Zoom out one more level. For a team to use a skill library seriously, the components above (shared pool, personal INDEX, baseline, heartbeat, review) still need someone to set up, someone to maintain, someone to watch the outcomes. Who does that?
There’s a useful analogy from the history of Platform Engineering. Early on, every product team stood up its own database and managed its own deployments. Only after scaling up did dedicated Infra groups appear to consolidate the shared work. Context Infrastructure is likely heading down the same path.
What’s different is that most of the grunt work for Context Infra can be handed to the AI. Scanning, comparing, tracking reference changes, building relevance graphs, notifying authors — the AI can do all of that. What’s left for humans is more meta: setting the cadence for heartbeat and review, writing a few meta-skills that teach the AI how to judge overlap and risk tiers, reviewing merge suggestions it surfaces, and deciding how the baseline INDEX should evolve. So this group doesn’t have to be large — three to five people, or even one or two, is enough.
The challenge, as with every Infra group, is whether it can drive adoption. The success or failure of an Infra group has never been a technical question; it’s an adoption question. Well-run Infra groups raise the ceiling for the whole company; poorly-run ones get routed around by every product team. Context Infra will face the same test.
I’m not writing this section to suggest every company should spin up a Context Infra group. The real point is: if you’re reading this and already thinking about how to bring context infrastructure into your team, you’re the first version of this role. There’s no existing job description and no existing playbook; the shape is being defined by you.
Back to the tension from the start: individual perspective and team accumulation work against each other under the current mechanics. It’s not an inherent contradiction; it’s an artifact of the assumption that “knowledge must converge to one authoritative version.”
Loosen that assumption, and the contradiction dissolves. The shared pool lets overlap happen freely. The personal INDEX keeps each person’s Agent behavior under control. Baseline gives new hires a reasonable starting point without forcing their hand. Heartbeat lets consensus surface through daily use. Review looks after changes propagating through cross-author references. Not one of the four components requires a full-time maintainer, not one needs code review, and not one asks team members to surrender their own perspective.
Looking back, this essay and its predecessor are two sides of the same coin; the underlying principle is identical. There’s only one core mechanism at work: distill axioms from a large body of raw material, where the selection criterion is stability. The earlier essay used temporal stability (judgments that the same person makes across different contexts and times). This one uses spatial stability (identical content that different people arrive at independently).

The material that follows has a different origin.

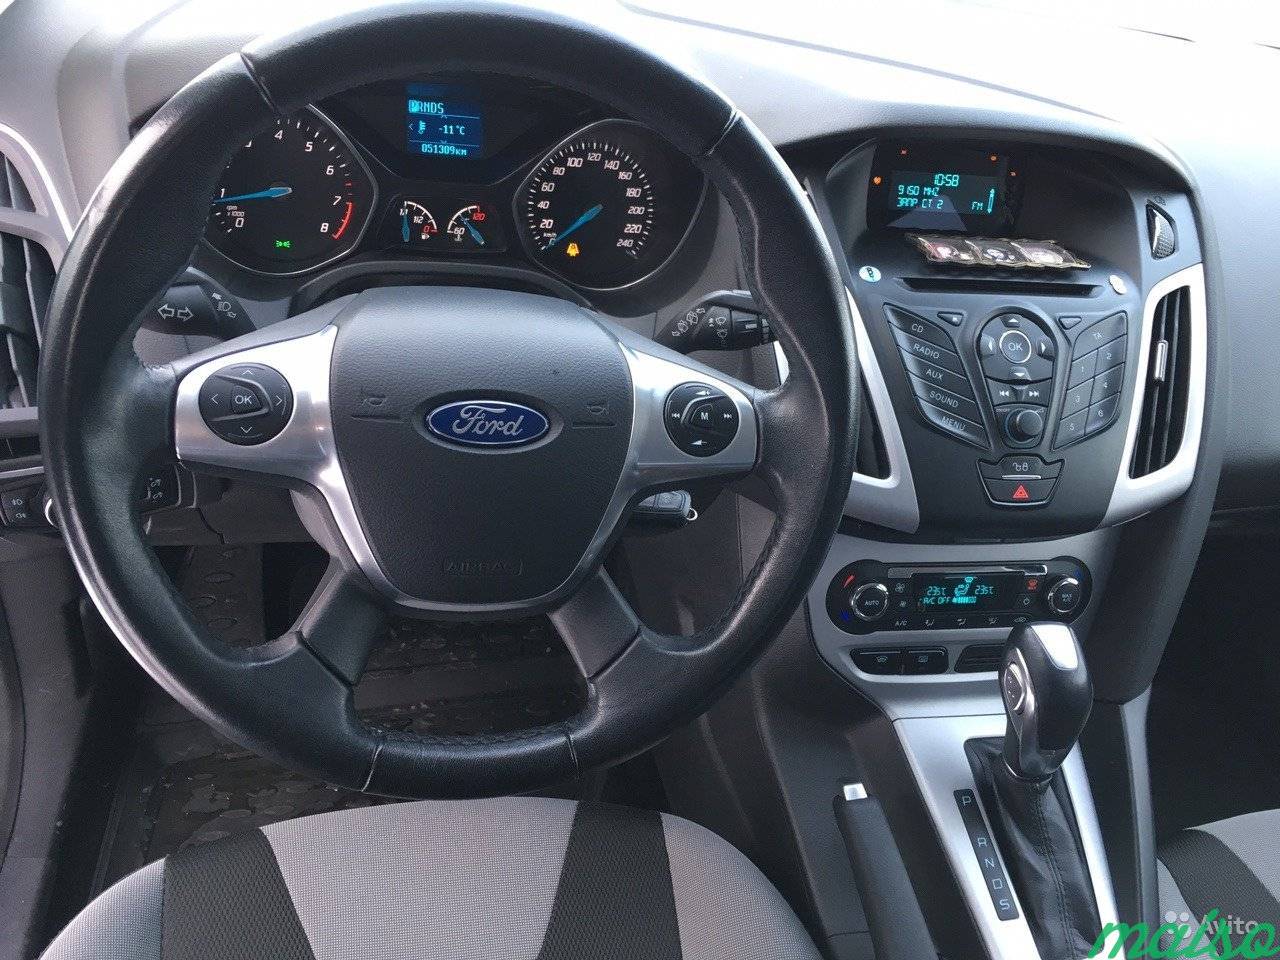 Ford Focus 1.6 AT, 2014, хетчбэк в Санкт-Петербурге. Фото 7

In both cases, the distillation is driven by heartbeat-scheduled AI. What gets distilled ultimately composes into a context infrastructure that can be loaded dynamically and is progressively disclosed. The dimensions differ; the engine and the resulting structure are the same.
With that infrastructure in place, the AI is no longer an off-the-shelf generalist; it becomes an informed practitioner, and with enough domain accumulation, a proprietary insightful analyst. That’s the real goal of context infrastructure.